The Cloyd Heck Marvin Center at George Washington University was named after him in February 1970. After decades of protests over Marvin’s racist and antisemitic legacy, the building was renamed on June 29, 2021 as "University Student Center" following the recommendation of a committee of students, faculty, staff and alumni.

===Other work===
Marvin was President of the National Parks Association 1933–1935, replacing Wallace Attwood and being replaced by William P. Wharton; John Miles wrote that "The record contains little evidence that President Marvin provided much leadership during his tenure".

Marvin was deputy director for research and development in the War Department from September 18, 1946 to August 31, 1947, serving under Major General Henry Aurand, and he was then a Special Advisor to the Secretary of War, September 1947-9. He received the Department of the Army's Award for Exceptional Achievement for this service.

==Personal life==
Marvin was born in Findlay, Ohio. His parents were Ezekiel Cloyd Marvin, a businessman, and Ida Gertrude Heck.

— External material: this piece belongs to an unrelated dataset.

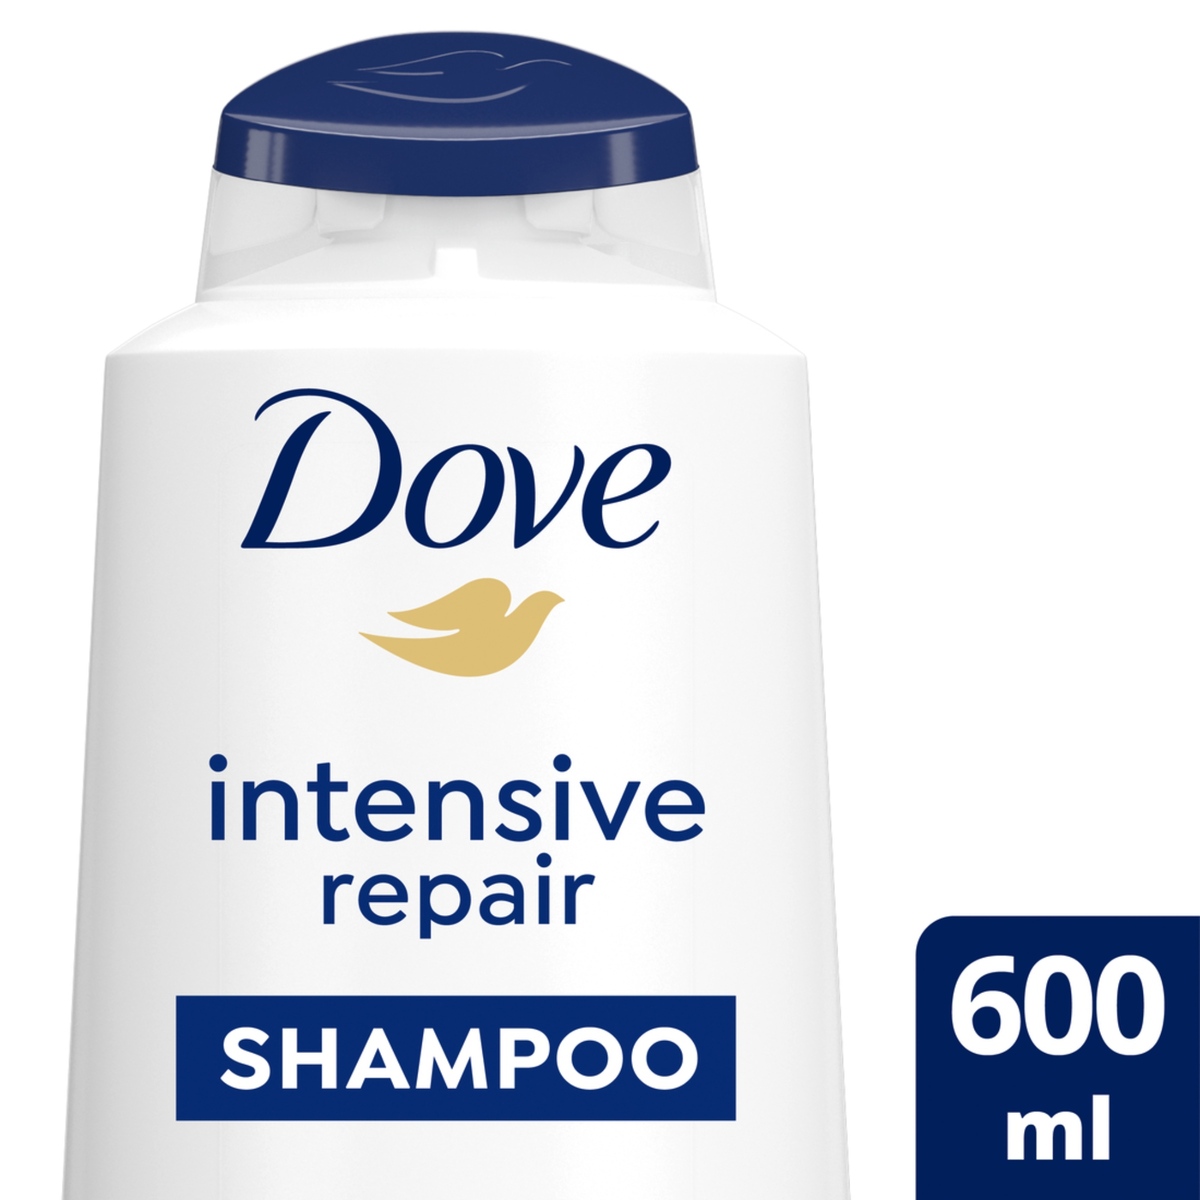 Dove Intensive Repair Shampoo 600 ml

He initiated into a Masonic lodge in Portland Oregon in 1918. He became a Knight Commander in the Scottish Rite, Southern Jurisdiction, in 1931. He was a Republican. He was a member of the American Legion.

After Marvin died in 1969, his widow Dorothy Ellen Betts, whom he had married in July 1917, donated $1 million (the result of her investing $20,000 over 13 years) in 1971 for the Cloyd Heck Marvin Student Center and theater. His son Cloyd, a mathematician at Johns Hopkins University, died in June 2011.